[[ Data extracts open ]]

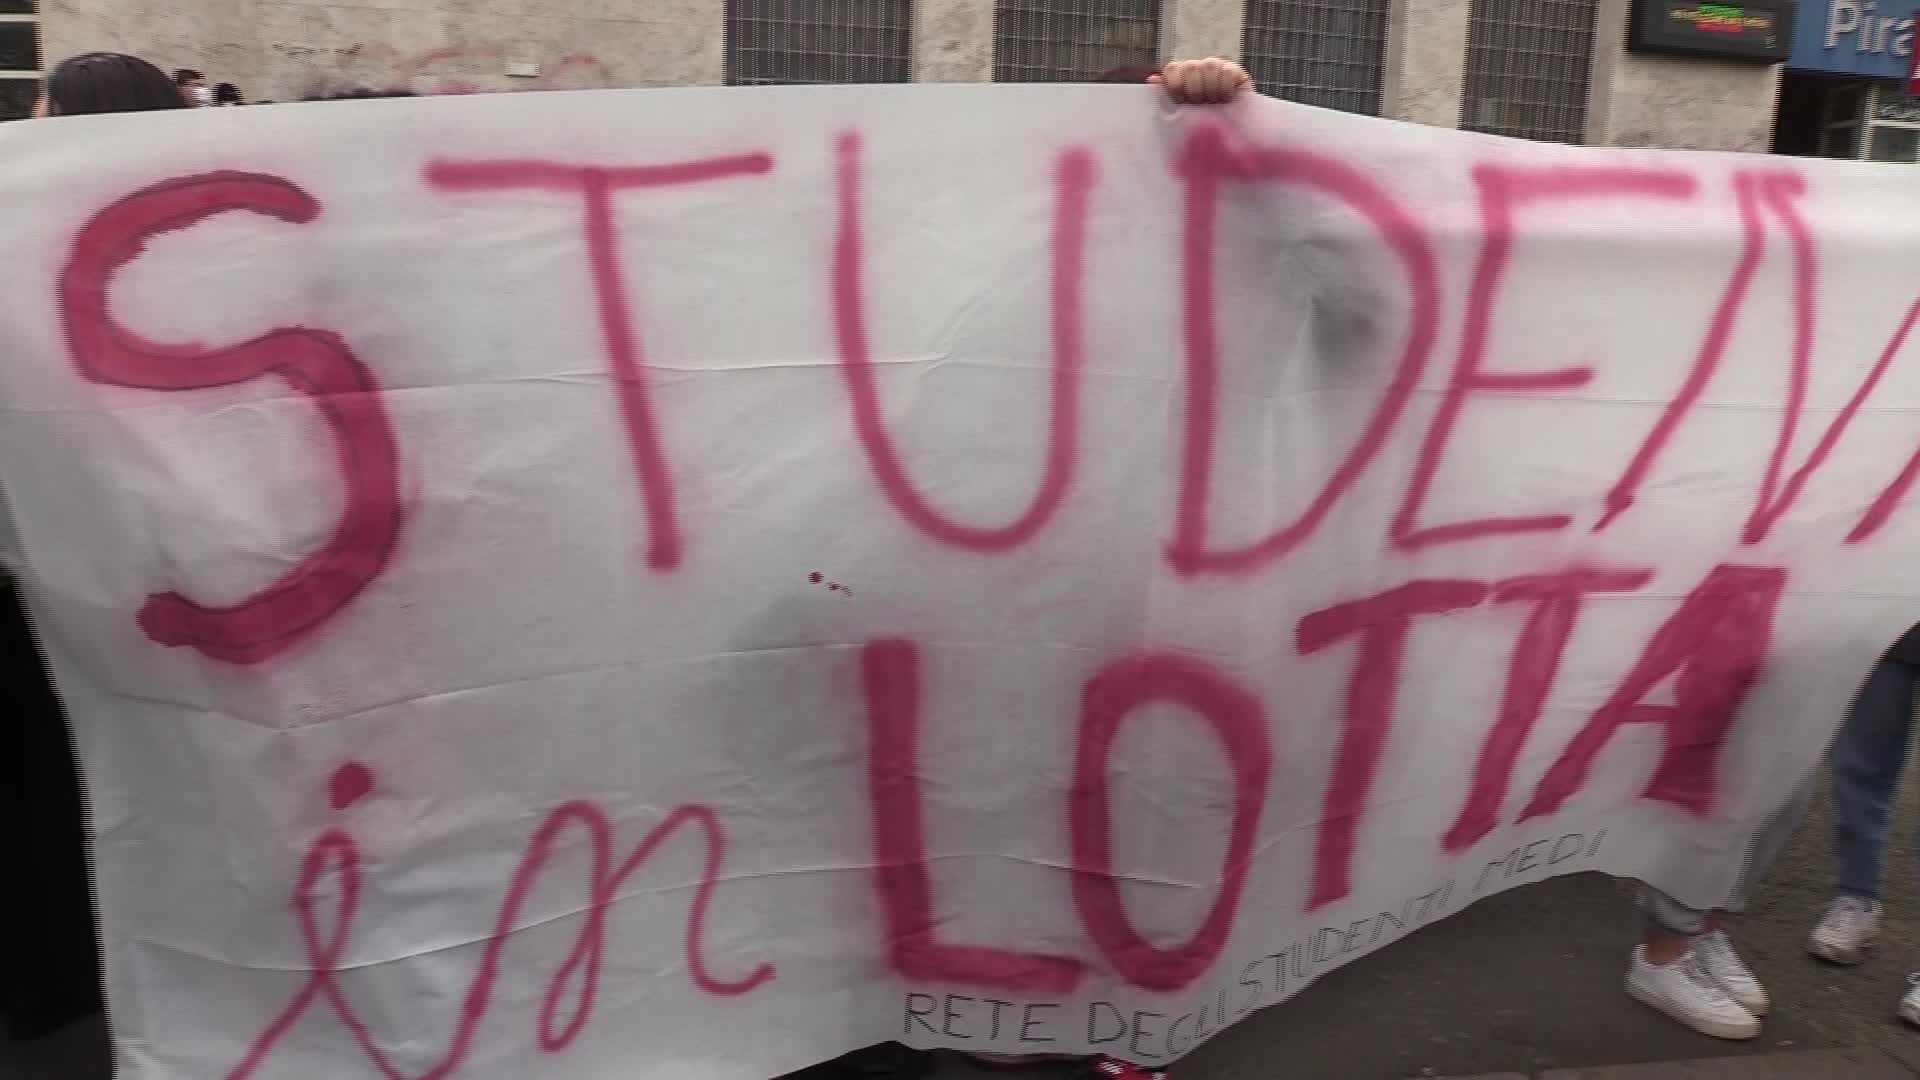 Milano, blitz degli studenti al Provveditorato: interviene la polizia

[[ Data extracts closed ]]
[[ Data extracts open ]]

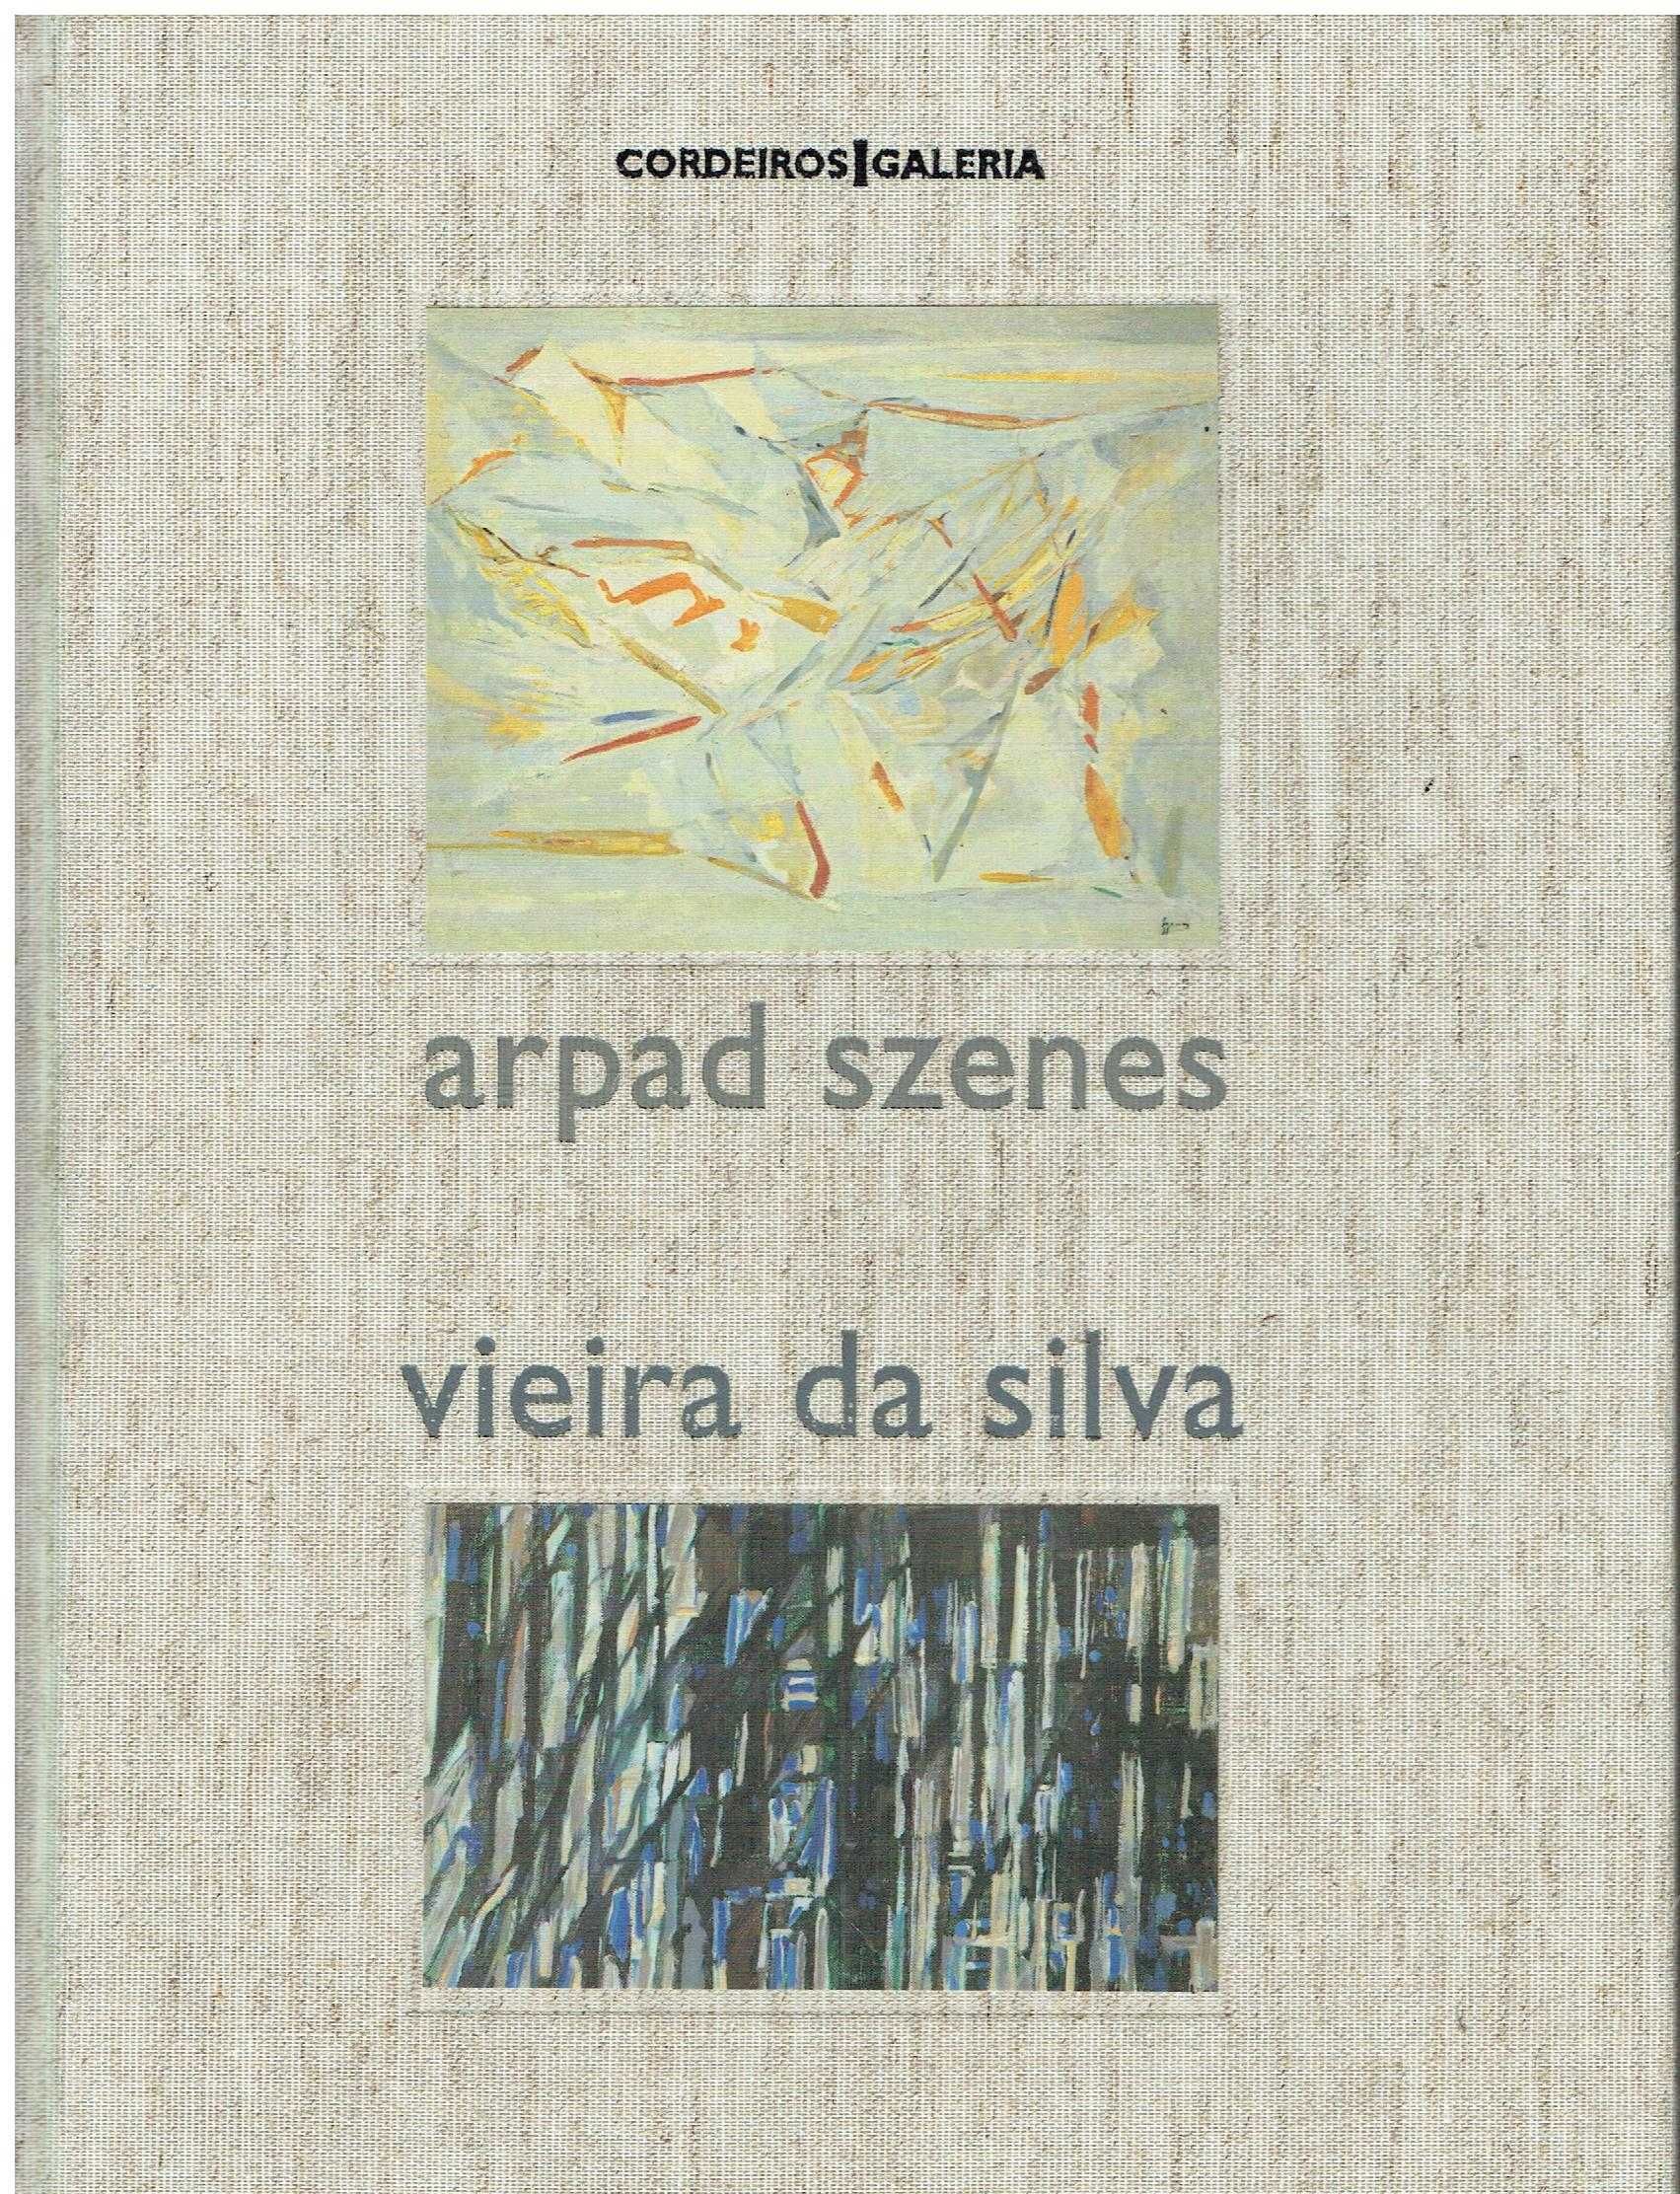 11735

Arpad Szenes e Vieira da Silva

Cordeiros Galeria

[[ Data extracts closed ]]

(What you will do)
Please reproduce exactly the lines in the listing above from the one containing "Arpad Szenes e Vieira da Silva" through the one containing "Cordeiros Galeria", both included, and nothing more.

(Output below)
Arpad Szenes e Vieira da Silva

Cordeiros Galeria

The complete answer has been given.